Honestly . . . not quite sure what to make of Psalm 88. The Psalm’s title says it’s a song . . . but what a sad song. Written by Heman the Ezrahite, a son of Korah, it was given to the choirmaster. I can only imagine how much fun (not) it was to practice this dirge. I’m guessing the basses got a lot of work and that there was a lot of brushing up on minor chord harmonizing. But no matter how you carried the melody, no joy. Just a sad song.
Assuming that he’s writing out of firsthand experience, the songwriter says that his soul “is full of troubles” (v.3). That he was a man of “no strength,” like one who was nearing death (v.4-5). His companions shun him (v.8) . . . his eyes grow dim with sorrow (v. 9a). He feels the crushing hand of God’s displeasure and wrath upon himself (v.7), and feels that God has cast his soul way, hiding His eyes from looking upon His servant (v. 14).
Afflicted and close to death from my youth up, I suffer Your terrors; I am helpless. Your wrath has swept over me; Your dreadful assaults destroy me. (Psalm 88:15-16 ESV)
Heavy sigh! Whatever it is this composer was remembering or relating to, it was absolutely miserable. And you read all 18 verses and it doesn’t get better. No happy ending. So what’s the deal?
Here’s the deal, the lyrics are a prayer. A prayer to the living God. A prayer founded on the belief that this God hears and that He acts upon what He hears. This is not a lament intended to be sung into an empty room, the words echoing hopelessly off the walls, the sentiments expressed with no thought that they will go beyond the ceiling.

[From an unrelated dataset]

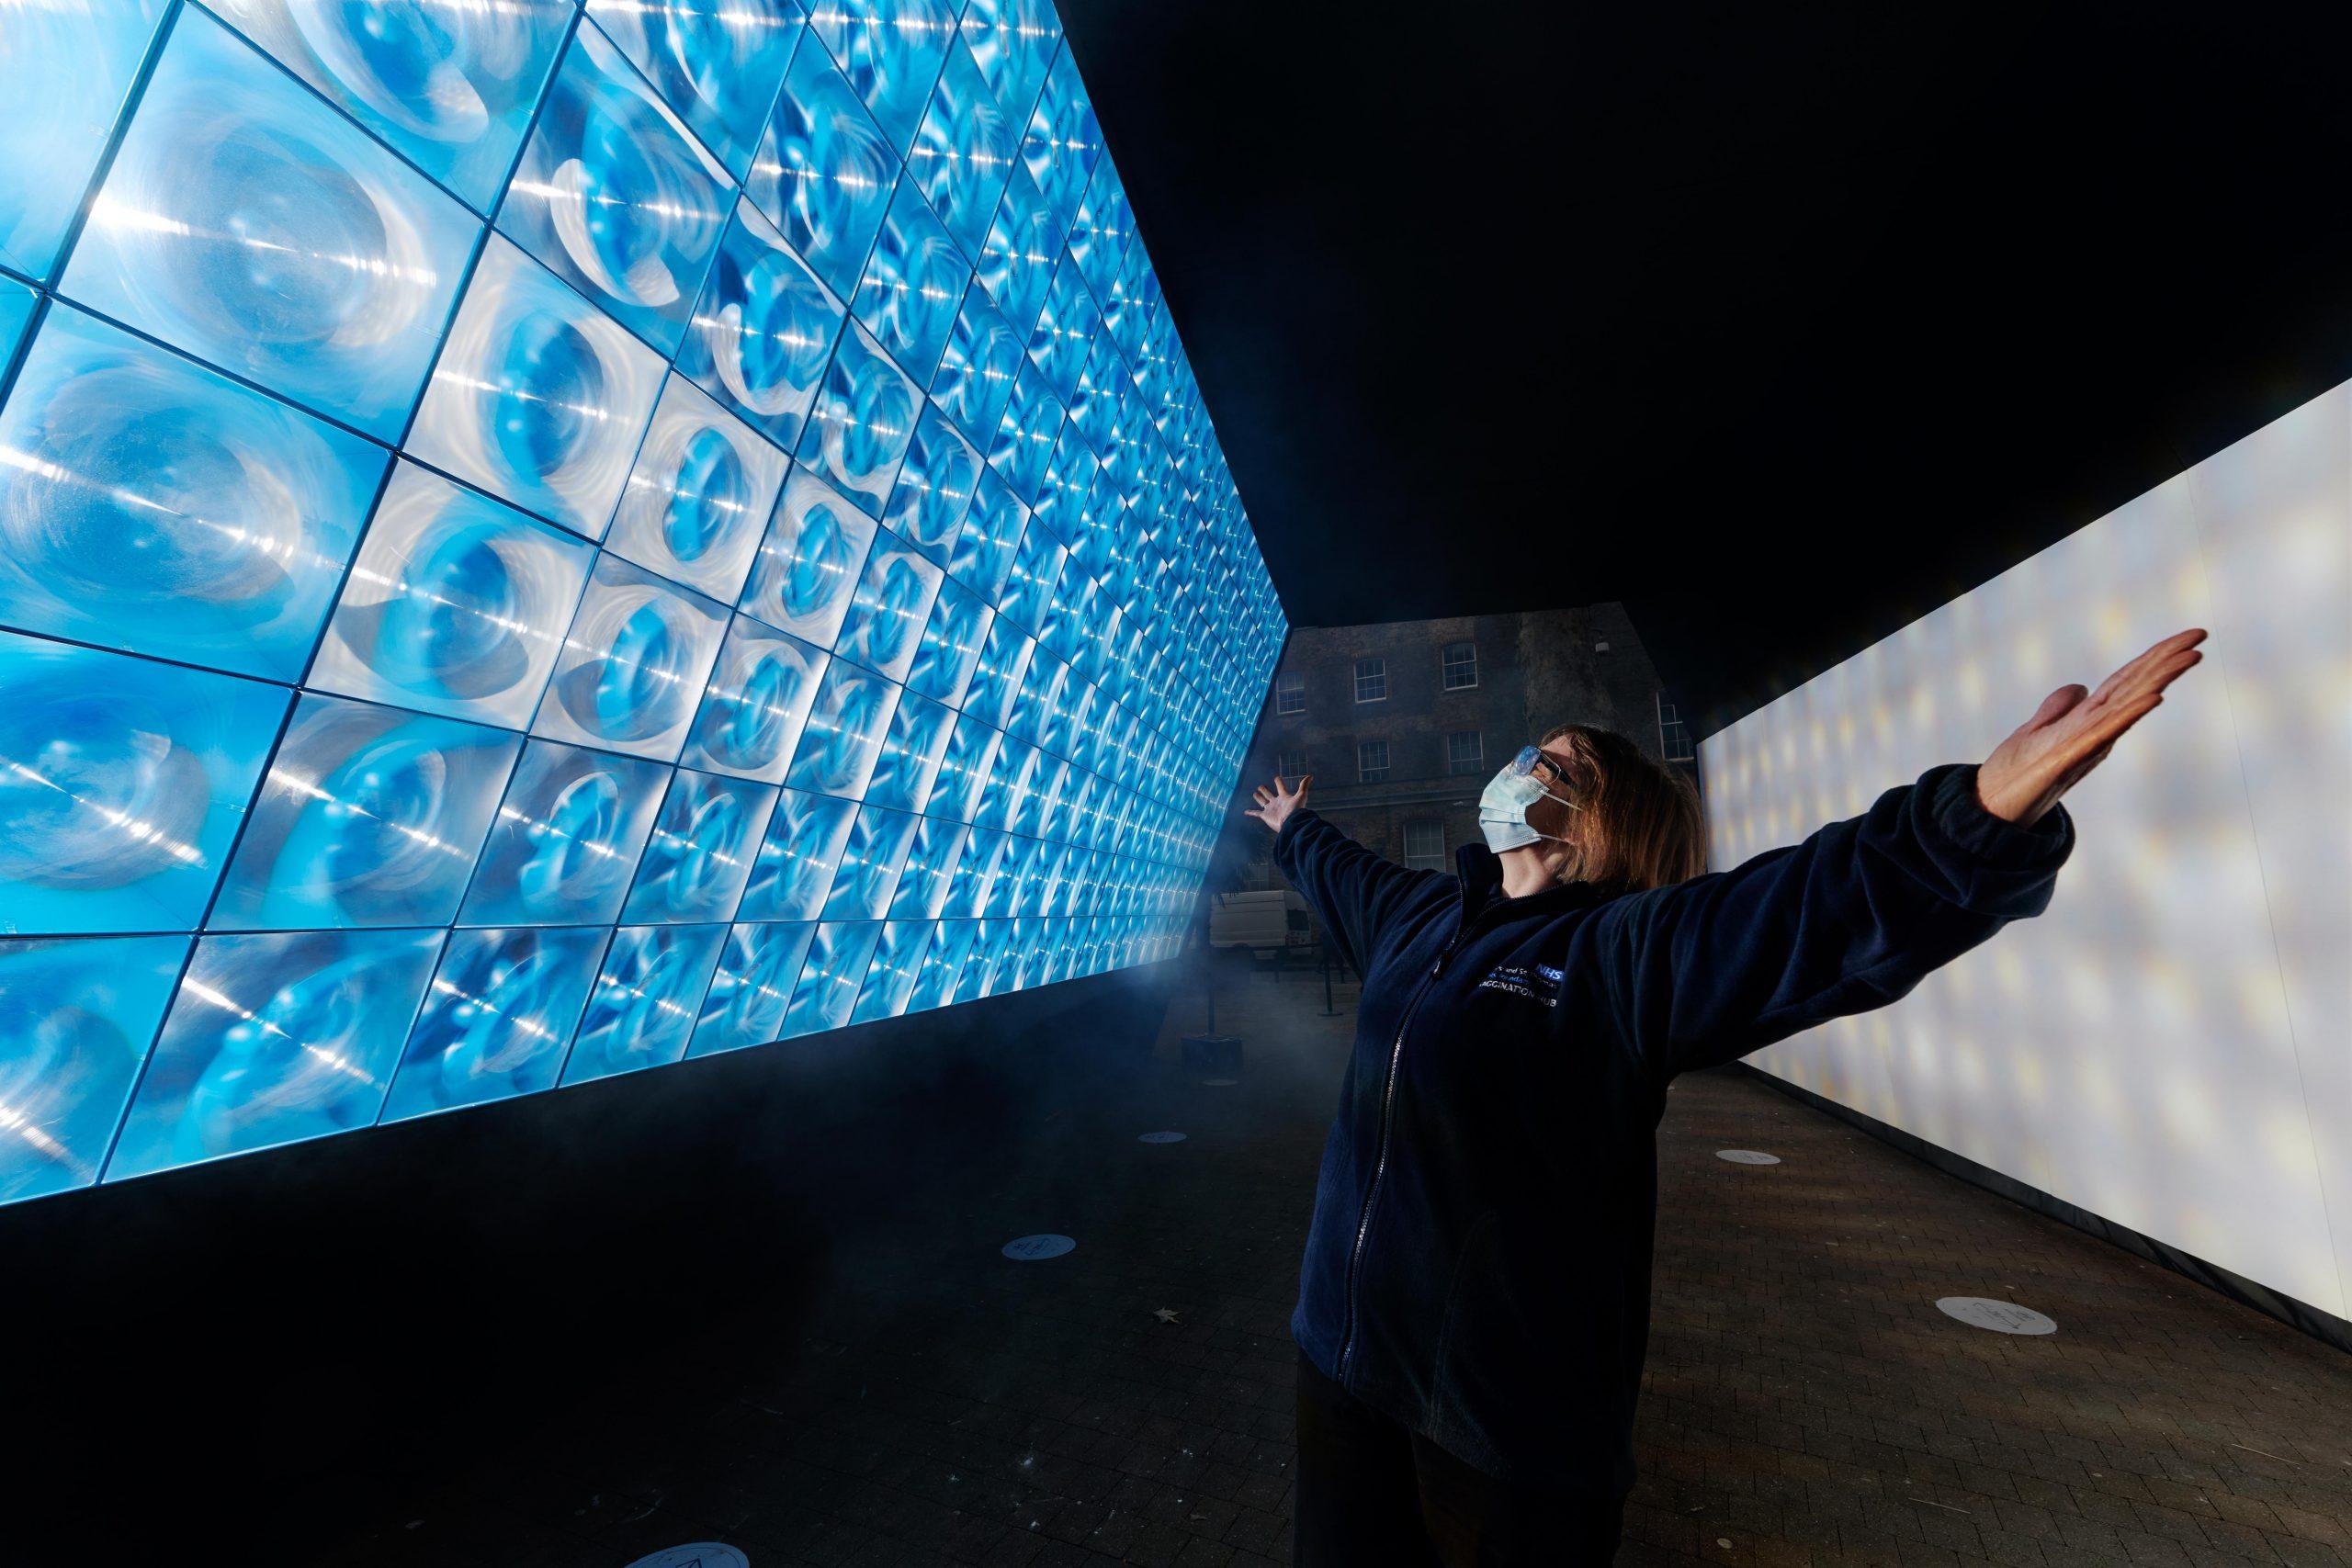 SOLA (Tunnel of Light)

Instead, it is written with the intent it will reach into heaven itself. Written for a choir, but directed to an Audience of One who is enthroned in Majestic glory and intimately aware of, and interested in, the affairs of His people. Sung to One who is able to deliver.
O LORD, God of my salvation; I cry out day and night before You. Let my prayer come before You; incline Your ear to my cry! (Psalm 88:1-2 ESV)
Repeatedly this sad song comes back to the chorus of crying out.
Every day I call upon You, O LORD; I spread out my hands to You . . .
But I, O LORD, cry to You; in the morning my prayer comes before You.
(Psalm 88:9b, 13 ESV)
No resolution found in this sad song . . . no joy realized . . . no happy ending in sight. Just a faith driven determination to bring his situation, and his sadness, before the God in whom he trusts. And sometimes, I’m thinking, that’s all you can do with a circumstance that makes no sense and hurts so much. It brings to mind something I read years ago by Chuck Swindoll. When the landing gear won’t come down, and the plane has been readied for a crash landing, . . . when final descent begins, “If you believe in God you should commence prayer (click here to see the full article).
Prayer . . . it’s what the sad song demands . . . it’s the only response warranted by a desperate situation. Reminds us of a God who’s in control. A God who is love. A God, though His ways and thoughts are beyond our understanding, has determined to intricately weave Himself into our world through His Son. A God, who invites us to confidently draw near to His throne of grace that we might know the abundance of His mercy “and find grace to help in time of need” (Heb. 4:16).
Sometimes you just gotta keep on believing . . . and keep on singing . . . even when it’s a sad song.
Sung by His grace . . . sung for His glory.